◆ Task to carry out: Reproduce, with no changes, the line where "Tête / Suite de lettre" appears and every subsequent line of the listing, the last one included.

◆ Given data:
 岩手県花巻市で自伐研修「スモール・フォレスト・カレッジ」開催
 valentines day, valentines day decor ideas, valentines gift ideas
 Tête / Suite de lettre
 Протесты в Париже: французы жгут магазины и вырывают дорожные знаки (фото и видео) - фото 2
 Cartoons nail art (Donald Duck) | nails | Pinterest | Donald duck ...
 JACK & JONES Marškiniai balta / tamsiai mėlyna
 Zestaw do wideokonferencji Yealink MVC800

◆ Answer box:
 Tête / Suite de lettre
 Протесты в Париже: французы жгут магазины и вырывают дорожные знаки (фото и видео) - фото 2
 Cartoons nail art (Donald Duck) | nails | Pinterest | Donald duck ...
 JACK & JONES Marškiniai balta / tamsiai mėlyna
 Zestaw do wideokonferencji Yealink MVC800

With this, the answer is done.